Endurance sports are often long, rather repetitive, and can be intentionally
made painful - they attract types who feel they need to accomplish. However,
in my experience, it is usually as a relief from career or work to free the
mind. In my experience, from a 'startup perspective', they tend to be the high
performing employees of a company. Also are drawn to B2B SaaS. I've also
noticed people tend to get into endurance sports when either they need a
relief from career, or feel like they have no control over advancing career.

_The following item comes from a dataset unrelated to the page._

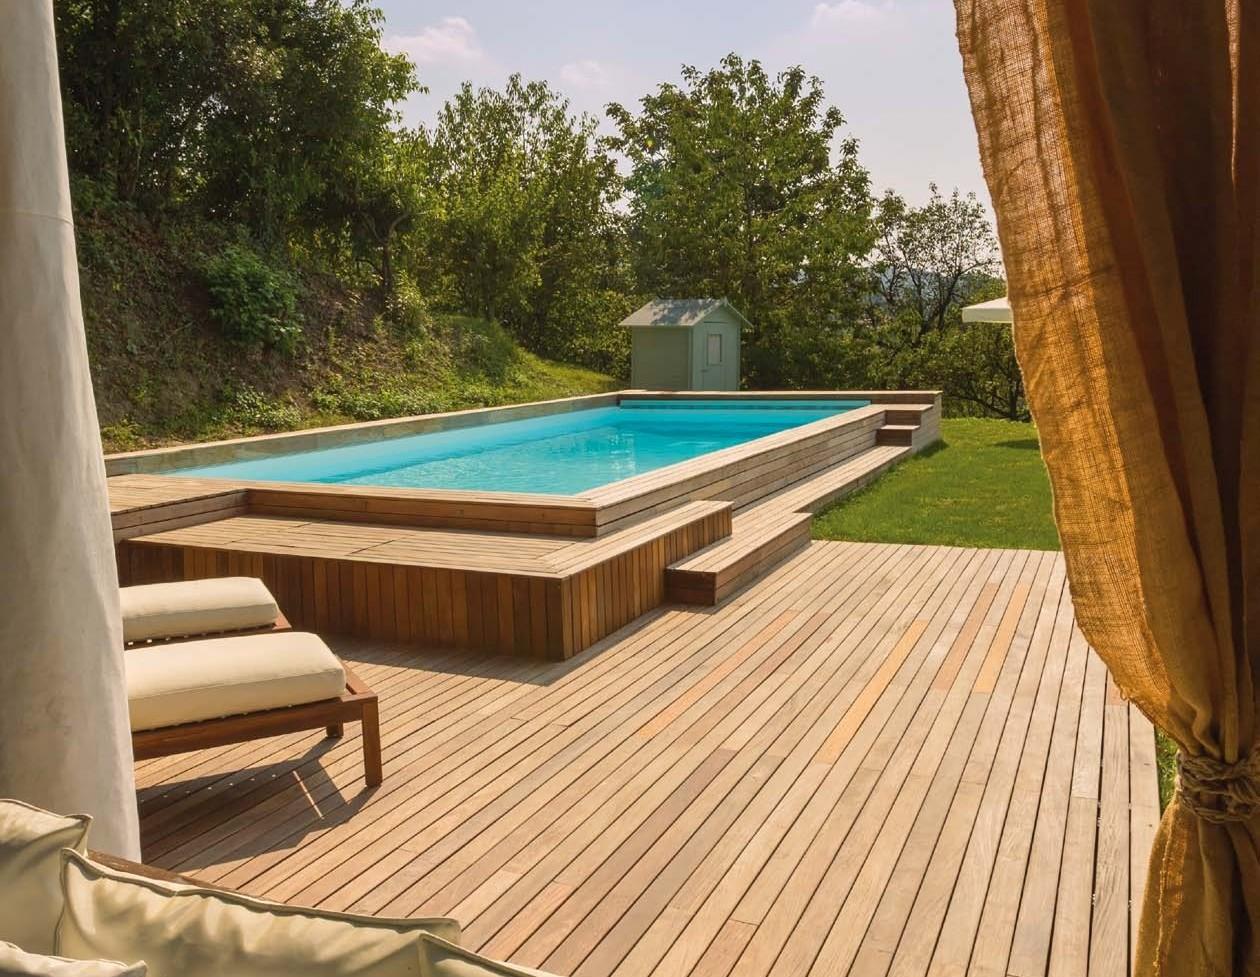 Rivestimento In Legno Per Piscine Fuori Terra : Terrazza per piscine archivi sys piscinesys piscine

Action sports people (like myself) prefer constantly changing environments,
controlled risk, and the rush to augment the intensity of life. People that
pursue these seem to be controlling for a mundane day to day life, or pursue
additional endorphin rushes to stack in life.

edit: added piece about inability to control career in endurance.

------
RickJWagner
I'm a tech worker, and I consider my greatest sporting accomplishments to be
'endurance type' events. (I ran a marathon, have bowled a sanctioned 300
game.)

My own theory is that it's because I'm not a great athlete. I can work at
something a long time, though.

------
justinator
I am going with, "because they're fun".

------
dayvid
At least in America, endurance sports are terribly overpriced.

I lived in Japan for two years and entered 6 half-marathons as an English
teacher on small salary. Each race for $40-50 and came with a free t-shirt
promoting the town the event took place in. Many people from the community
(not just the wealthy) took part.

When I returned to America, I was excited to join races in America. Every long
distance race was $100+. I haven't raced in a single half-marathon since. I
can't justify spending that much money to run in the street. It turns more
into an ego/selfie-experience than a celebration of running.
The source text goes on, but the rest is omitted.